Review of Convex, Balanced, Absolutely Convex, and Absorbent Sets

# Review of Convex, Balanced, Absolutely Convex, and Absorbent Sets

Let $E$ be a vector space and let $A \subset E$.

### Convex Sets

• Recall from the Convex and Balanced Sets of Vectors page that $A$ is Convex if for all $x, y \in A$ and for all $\lambda, \mu \in \mathbf{F}$ with $\lambda, \mu \geq 0$ and $\lambda + \mu = 1$ we have that:
(1)
\begin{align} \quad \lambda x + \mu y \in A \end{align}
 Properties of Convex Sets (1) If $A$ is convex and $x \in E$ then $x + A$ is convex. (2) If $A$ is convex and $\lambda \in \mathbf{F}$ then $\lambda A$ is convex. (3) If $A$ and $B$ are convex then $A + B$ is convex. (4) If $\{ A_i : i \in I \}$ is a collection of convex sets then $\displaystyle{\bigcap_{i \in I} A_i}$ is convex. (5) If $A$ is convex and $\lambda, \mu \in \mathbb{R}$ then $\lambda A + \mu A = (\lambda + \mu)A$.

### Balanced Sets

• We said that $A$ is Balanced if for all $\lambda \in \mathbf{F}$ with $|\lambda| \leq 1$ we have that $\lambda A \subseteq A$.
 Properties of Balanced Sets (1) If $A$ is a nonempty balanced set then $o \in A$. (2) If $\{ A_i : i \in I \}$ is a collection of balanced sets then $\displaystyle{\bigcup_{i \in I} A_i}$ is balanced. (3) If $\{ A_i : i \in I \}$ is a collection of balanced sets then $\displaystyle{\bigcap_{i \in I} A_i}$ is balanced. (4) If $A$ and $B$ are balanced sets then $A + B$ is a balanced set. (5) If $A$ is balanced and $\lambda \in \mathbf{F}$ then $\lambda A = |\lambda| A$. (6) If $A$ is balanced and $\lambda, \mu \in \mathbf{F}$ are such that $|\lambda| \leq |\mu|$ then $\lambda A \subseteq \mu A$.

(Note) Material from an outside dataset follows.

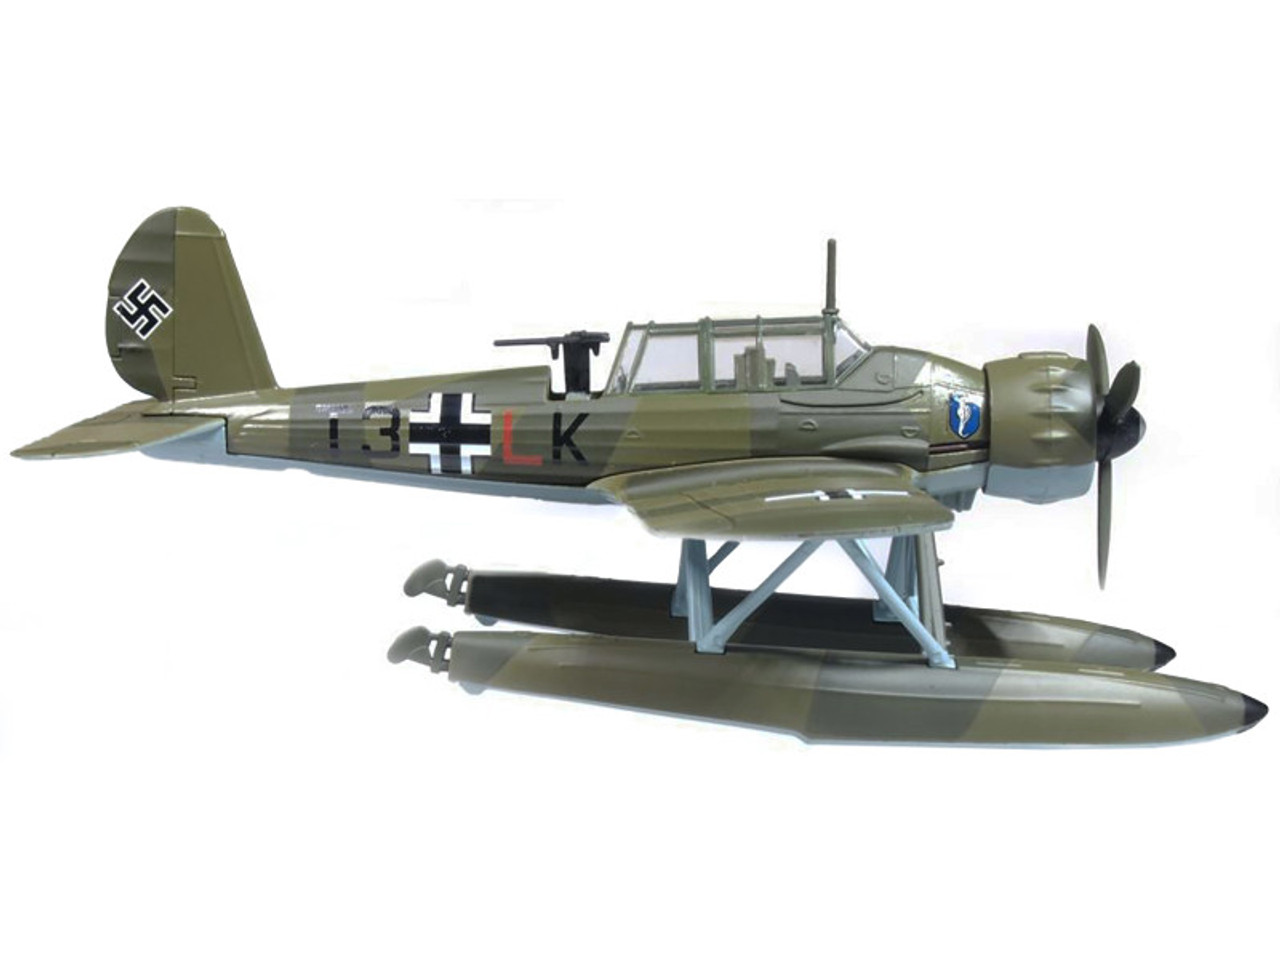 Arado Ar 196 A3 War Plane Bordflieger Staffel 196 Bismarck (1941) "Oxford Aviation" Series 1/72 Diecast Model Aircraft by Oxford Diecast

### Absolutely Convex Sets

• On the Absolutely Convex Sets of Vectors page we defined $A$ to be Absolutely Convex if it is both convex and balanced. We summarize some properties of absolutely convex sets below.
 Properties of Absolutely Convex Sets (1) If $A$ and $B$ are absolutely convex then $A + B$ is absolutely convex. (2) If $A$ is absolutely convex and $\lambda \in \mathbf{F}$ then $\lambda A$ is absolutely convex. (3) If $A$ is a nonempty absolutely convex set then $o \in A$. (4) If $A$ is absolutely convex and $\lambda, \mu \in \mathbf{F}$ are such that $|\lambda| \leq |\mu|$ then $\lambda A \subseteq \mu A$.

### Absorbent Sets

• On the Absorbent Sets of Vectors page we defined $A$ to be Absorbent if for every $x \in E$ there exists a $\lambda > 0$ such that if $\mu \in \mathbf{F}$ is such that $|\mu| \geq \lambda$ then:
(2)
\begin{align} \quad x \in \mu A \end{align}
 Properties of Absorbent Sets (1) If $\{ A_1, A_2, ..., A_n \}$ is a finite collection of absorbent sets then $\displaystyle{\bigcap_{i=1}^{n} A_i}$ is absorbent. (2) If $A$ is absorbent then for each $x \in E$ there exists a $0 < \mu < 1$ such that $-\mu x \in A$.